◆ What you have to do:
Taking the entries below, transcribe only the lines starting with the one with "Girl meditates sitting" and going on through the one with "Expo 2020 Dubai", exactly as written, without the pictures.

◆ Exercise data:
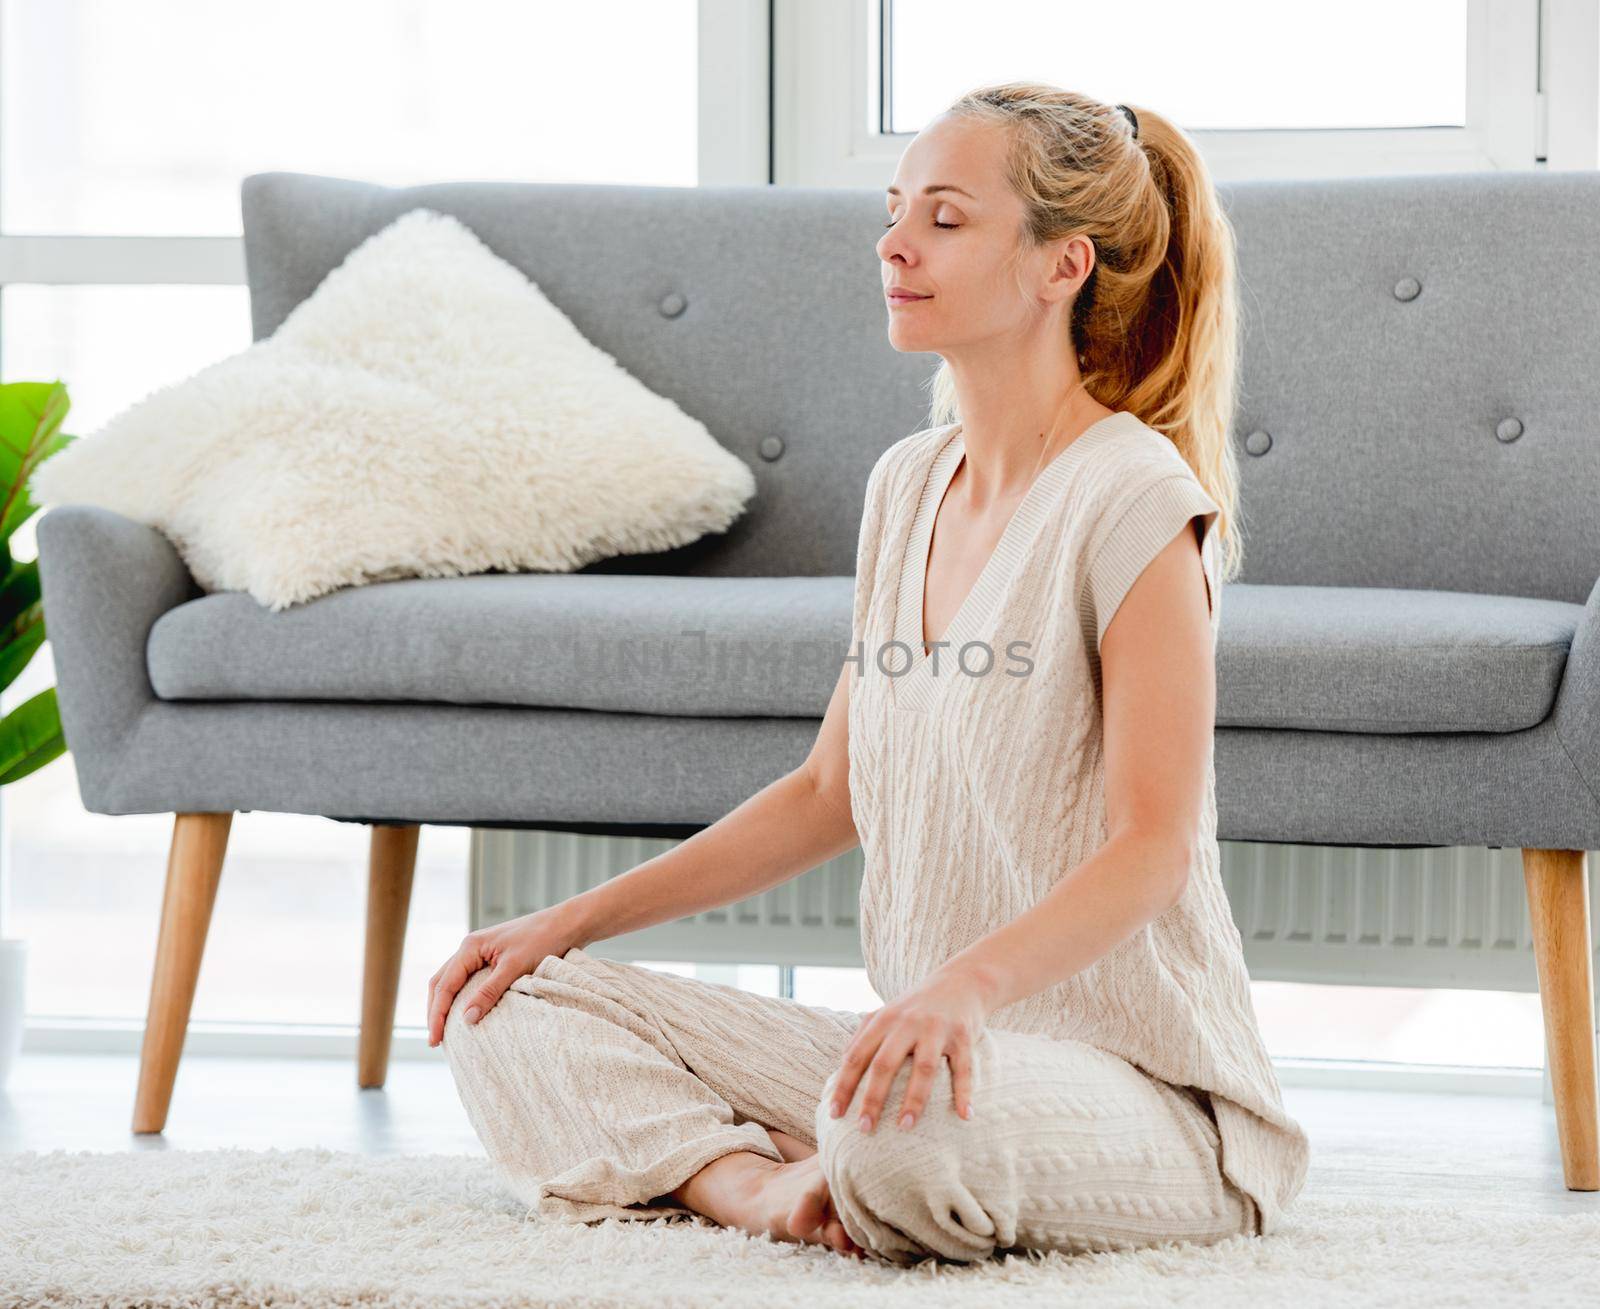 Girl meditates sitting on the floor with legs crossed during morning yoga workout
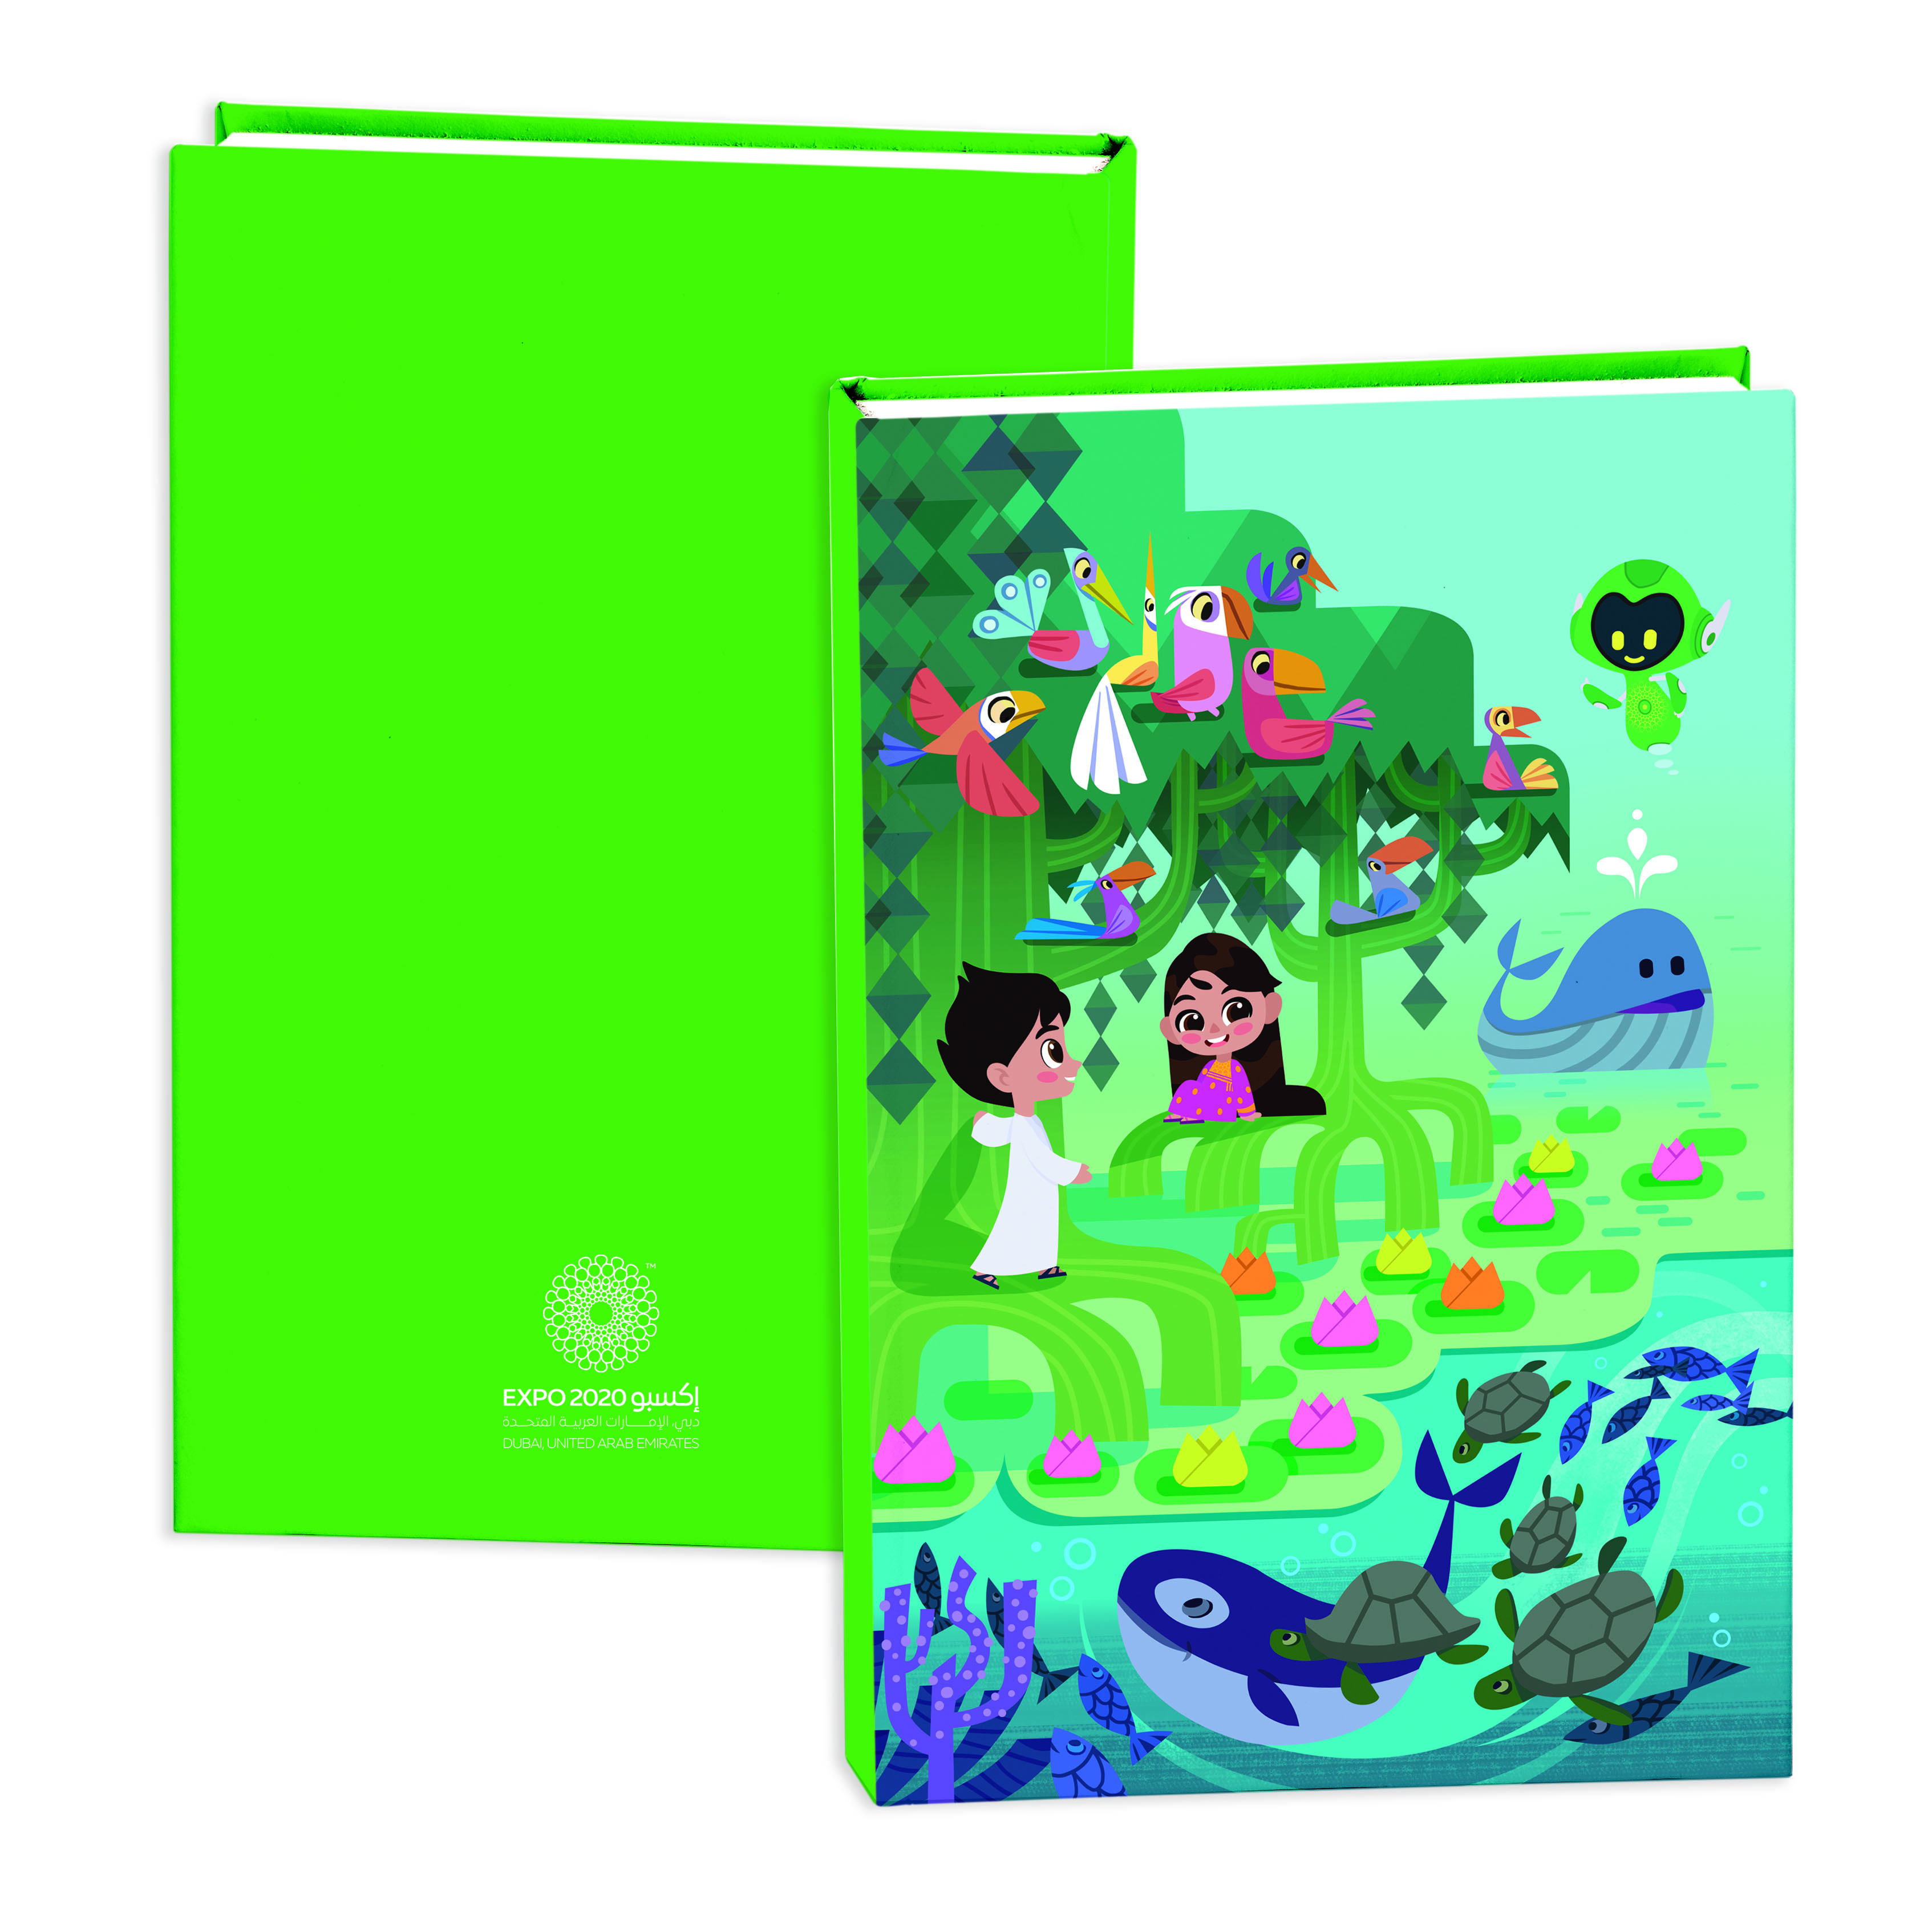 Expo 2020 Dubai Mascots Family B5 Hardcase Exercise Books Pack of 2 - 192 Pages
==
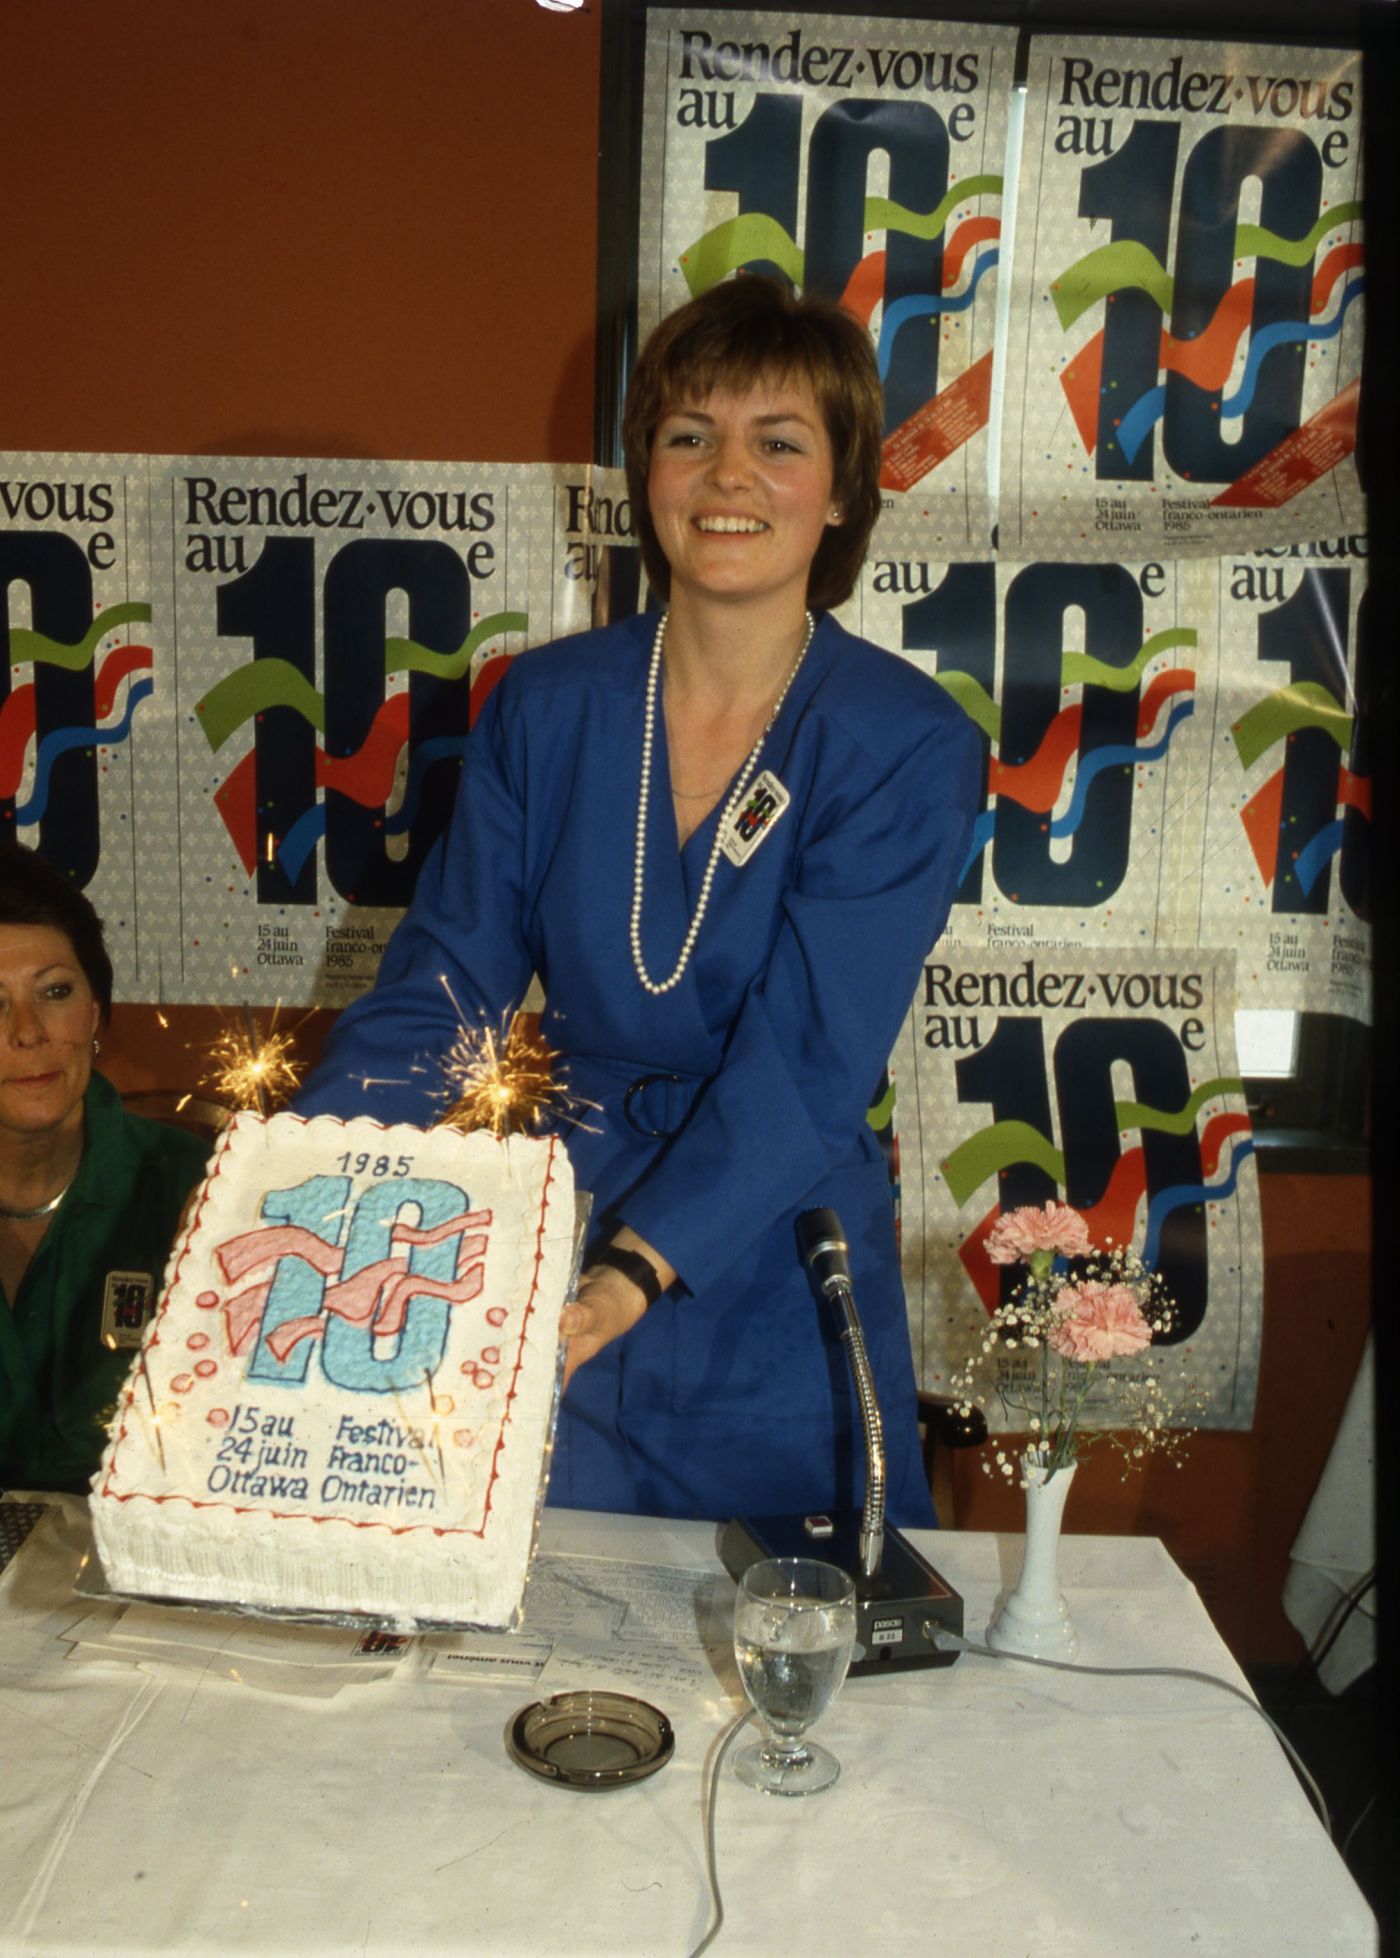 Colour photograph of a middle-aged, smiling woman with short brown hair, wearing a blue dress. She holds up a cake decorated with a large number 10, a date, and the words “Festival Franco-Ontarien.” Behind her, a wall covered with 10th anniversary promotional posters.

◆ Expected answer:
 Girl meditates sitting on the floor with legs crossed during morning yoga workout
 Expo 2020 Dubai Mascots Family B5 Hardcase Exercise Books Pack of 2 - 192 Pages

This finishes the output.